In late 2019, major Japanese insurer Mitsui Sumitomo Insurance Co. revealed that it had partnered with Silicon Valley-based AI start-up dotData to create a digital platform known as MS1 Brain. Launched in February, MS1 Brain analyses customer data such as contract details and history, accident information, and lifestyle changes, to predict customer needs and offer the products and services that match those needs. The platform also helps generate more targeted customer communications, including personalised videos on products and services.
“MS&AD, the world’s fifth-largest property and casualty company, wanted to leverage digital transformation as a core strategy to help create richer, more rewarding customer experiences for Mitsui Sumitomo Insurance, their insurance arm,” Shinichiro Funabiki, senior executive officer, CIO, CISO, and CDO of MS&AD Insurance Group, told Insurance Business.

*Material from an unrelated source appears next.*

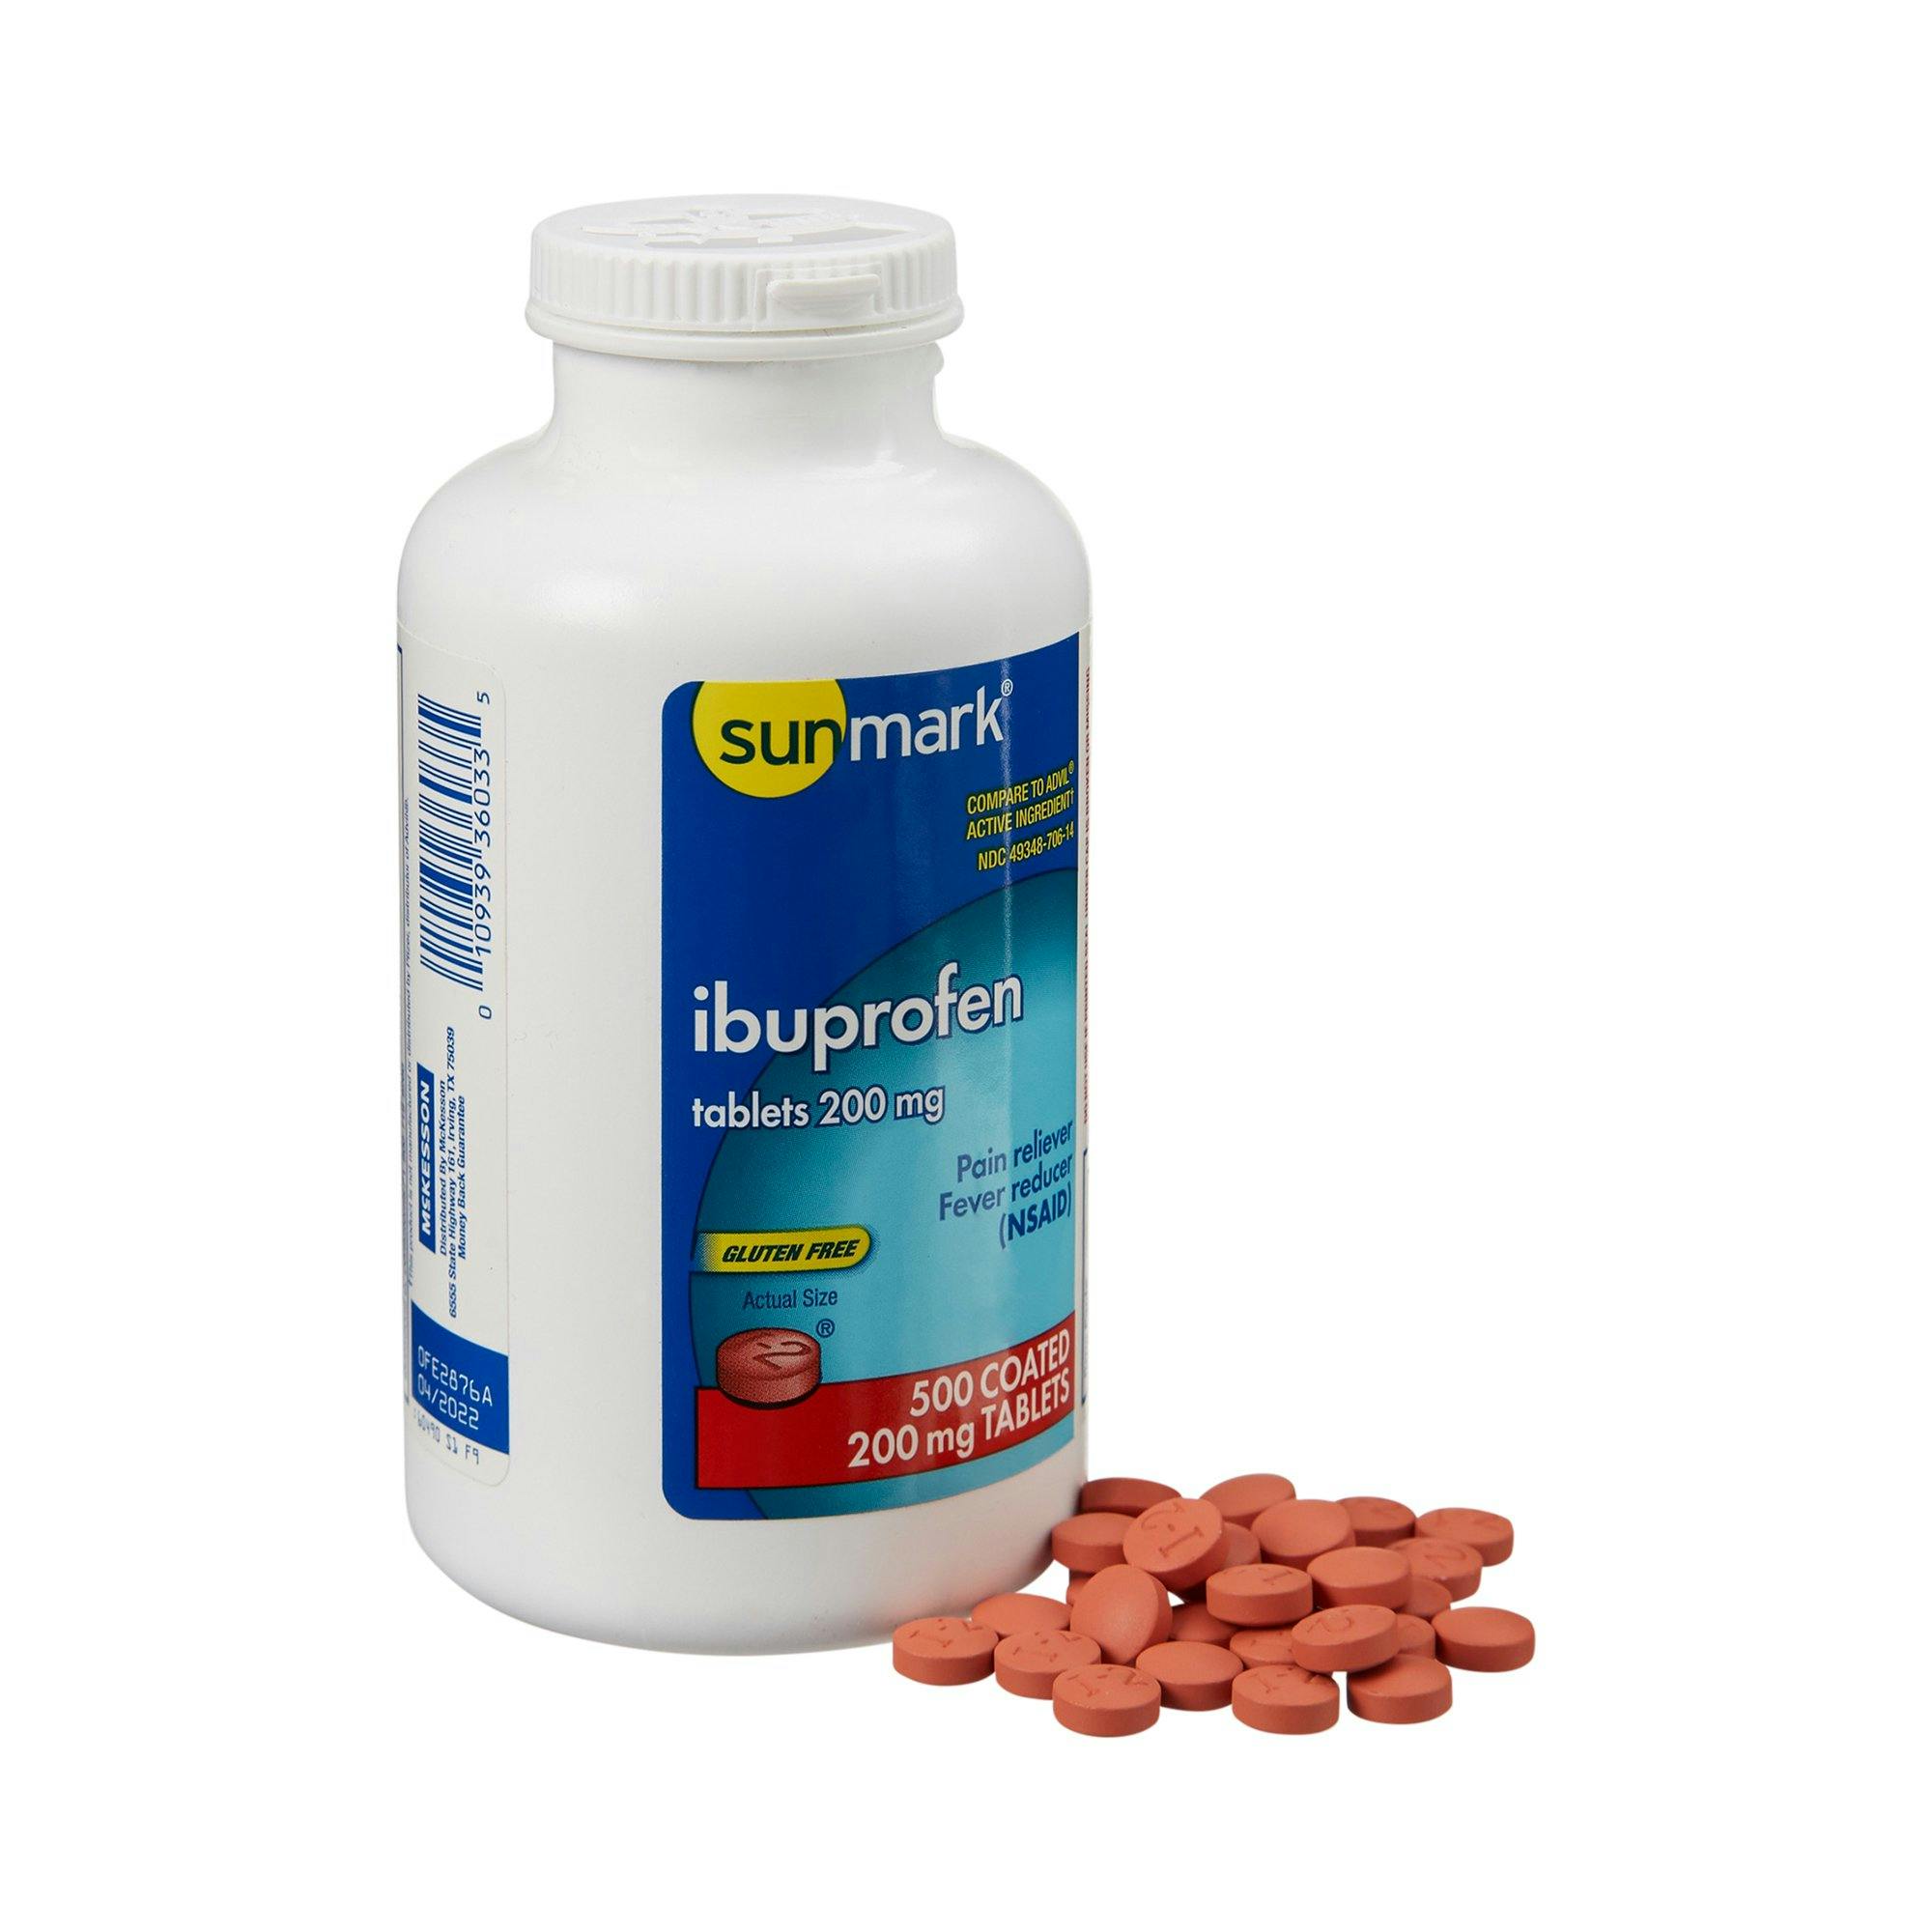 Sunmark Ibuprofen Pain Relief, 200 mg Strength, 500 per Bottle, 49348070614, 1 Bottle

“The idea of leveraging data to provide customers more tailored product recommendations meant that machine learning and AI would be critical tools in the arsenal. In order to achieve their vision of creating their ‘MS1 Brain’ recommendation platform, MS&AD worked with dotData to deploy dotData’s AutoML 2.0 platform – dotData Enterprise – to quickly scale and build AI and ML models in days, instead of months.”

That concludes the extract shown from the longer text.